Private Dutch shipowner Vroon has been taken over by its lenders as part of a second refinancing in three years.

The owner of about 100 tankers and offshore vessels said a deal has been reached with its banks to swap borrowings for equity.

The founding Vroon family will lose majority control of the company as a result.

The restructuring deal was reached to "secure financial flexibility to deliver on future growth and profitability", the shipowner said.

"For several years Vroon has been in discussions with its lenders to resolve its over-indebtedness," it added.

Debt will be cut from almost €1bn ($1.1m) to €350m.

About 35 offshore vessels controlled through Vroon Offshore Services (VOS) are being transferred to a "warehouse" company set up the banks.

No job losses among the 1,800 workers are currently expected.

Vroon said the transaction, together with ship disposals last year, will lead to a "very significant" strengthening of the balance sheet and allow for continuity of the company.

Blystad snapped up boxships

Coco Vroon stepped down as CEO in 2018. Photo: Aurelian Foucault for TradeWinds

"In return for the debt write-off, the company lenders will become the majority shareholders of Vroon.
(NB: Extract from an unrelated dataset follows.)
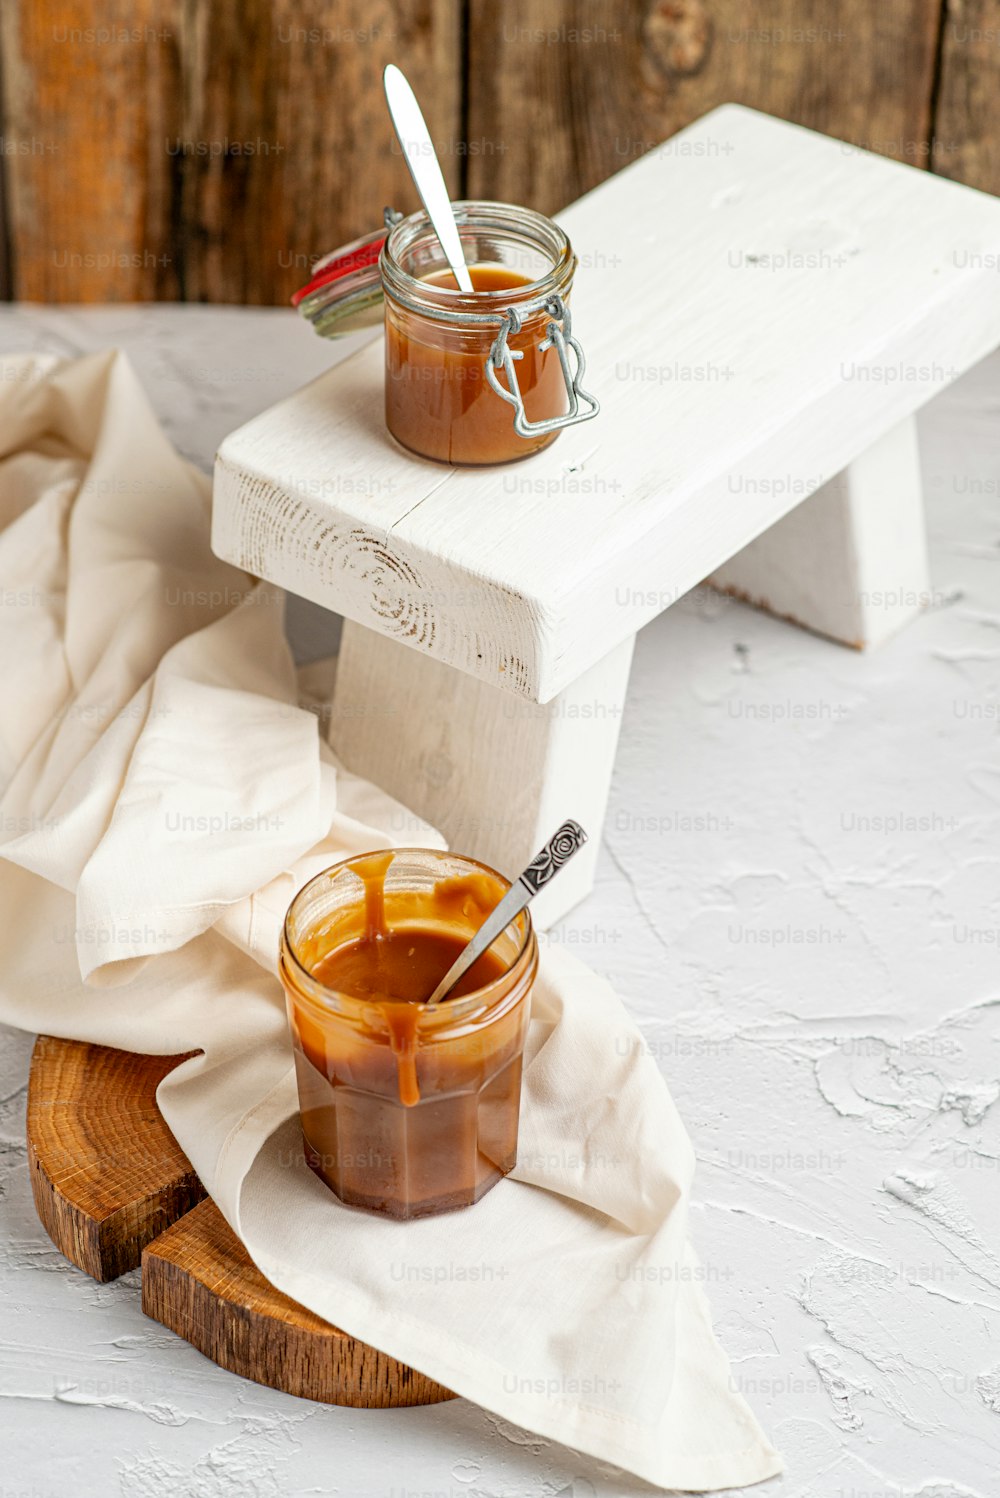 un pot de sauce au caramel posé sur une table en bois
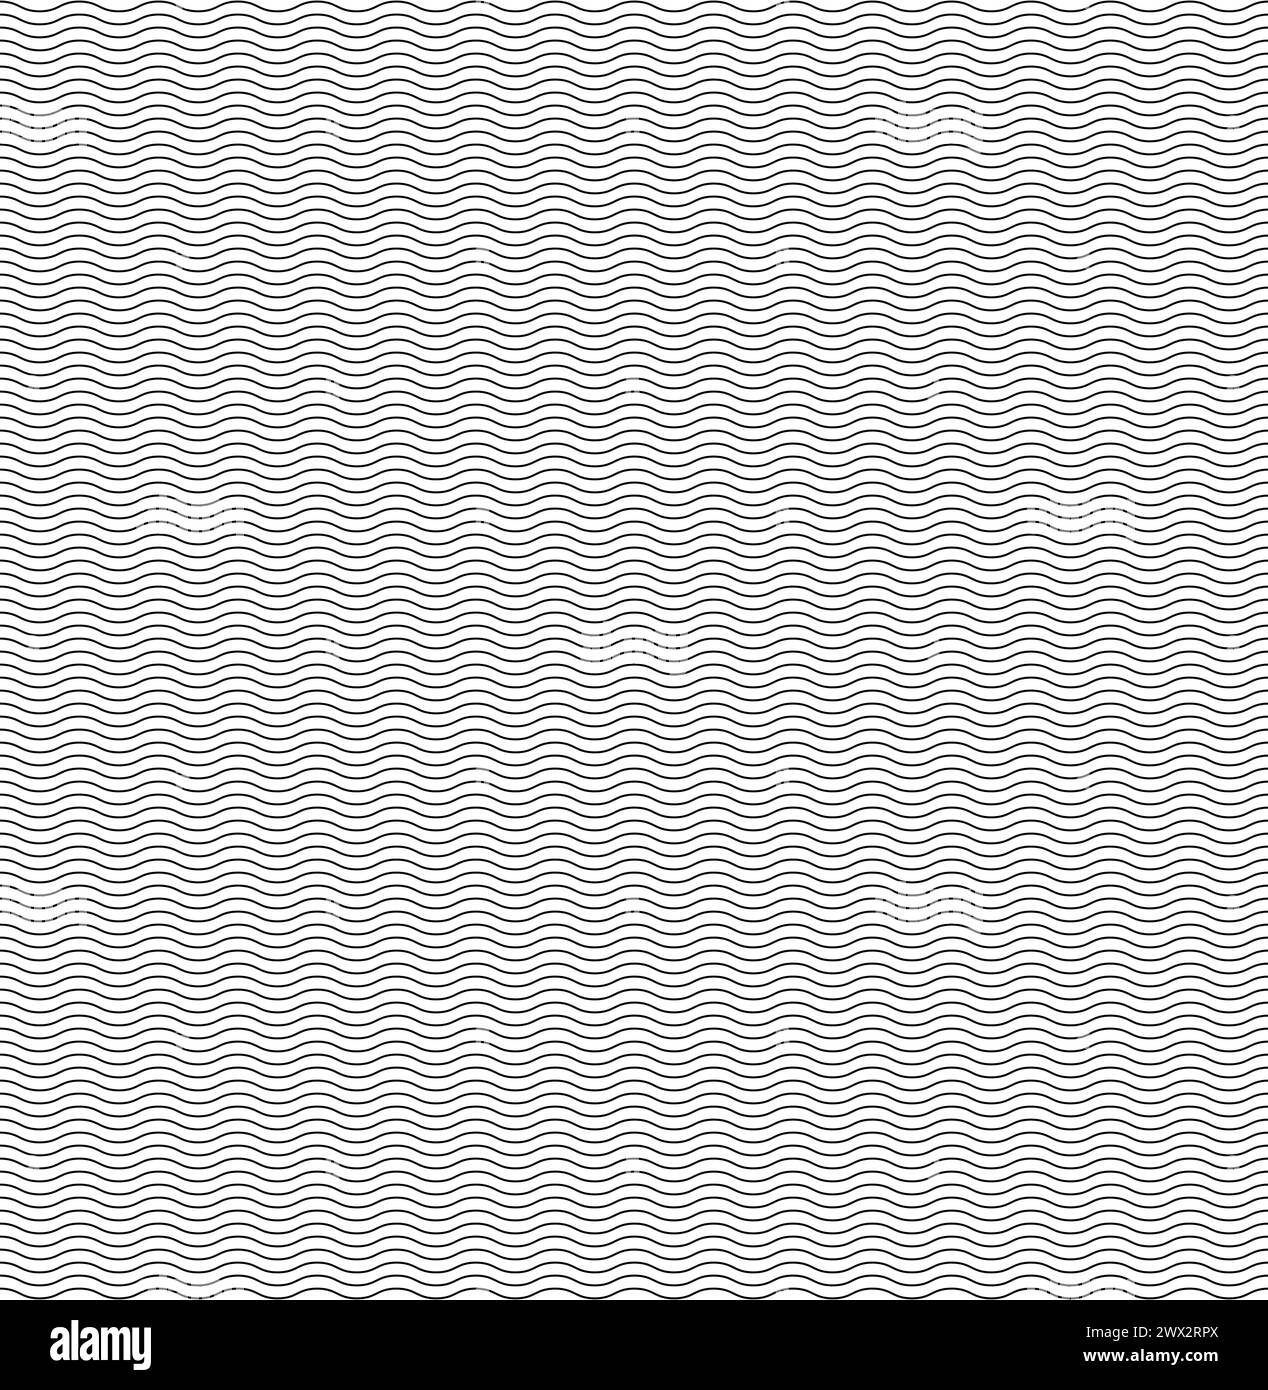 linee ondulate, linee ondulate orizzontali in bianco e nero linee ondulate lisce - trama vettoriale ripetibile senza cuciture Illustrazione Vettoriale

This agreement is still subject to formal approvals and is expected to be implemented in the first half of 2022," it said.

All 18 lenders must sign off on the deal before April.

In cooperation with banks, the company has agreed to divest all container ships, bulkers, crew transfer vessels and car carriers to repay debt.

Last year, Norwegian investor Arne Blystad bought six container ships from Vroon for close to $150m.

Vroon, founded in 1890, said it sold 18 vessels last year that were deemed to be uneconomic or non-strategic, including two other container ships, a bulker and a general cargo ship.

Clarksons still lists it as controlling 119 units, comprising product tankers, car and livestock vessels, offshore ships, two floating accommodation units, a bulker and a boxship.

The fleet will be reduced to about 100 after sales are completed.

The company's last refinancing in 2018 involved $1.3bn of debt extensions to 2021.

Fourth-generation owner Coco Vroon stepped down as chief executive.

His replacement, Herman Marks, told TradeWinds the Vroon family had retained ownership and control of the business at that time.

No debt was swapped for equity in that restructuring.

Vroon has also released its audited results for 2020, with solid cash flow despite challenging market conditions.

VOS was hit by a severe downturn in oil and gas markets as the pandemic lowered demand, but other sectors were less seriously affected.

Non-cash loss for 2020

Revenue was $356m in 2020, with Ebitda coming in at $74m.

The net loss was $314m, however, mainly as a result of a $214m non-cash asset impairment.

"Continued losses and asset impairments over the previous five years resulted in a negative group equity per year-end 2020," Vroon said.

The board has implemented measures to reduce costs and preserve strong cash generation during the year.

"Overall, 2020 was another turbulent year for the global shipping industry and for Vroon," the shipowner added.

"As in previous years, most of our businesses were affected by significant market volatility. While we are proud of our achievements during the year, we do realise that it will take more time before shipping again becomes a rewarding place for investors and financiers."

The company said market conditions improved gradually in 2021.

"Cash generation remained strong and we anticipate financial results will be an improvement on 2020, despite a smaller fleet," it said.

"We are cautiously optimistic for 2022 and anticipate a continued improvement for our offshore division and most of our remaining deepsea businesses."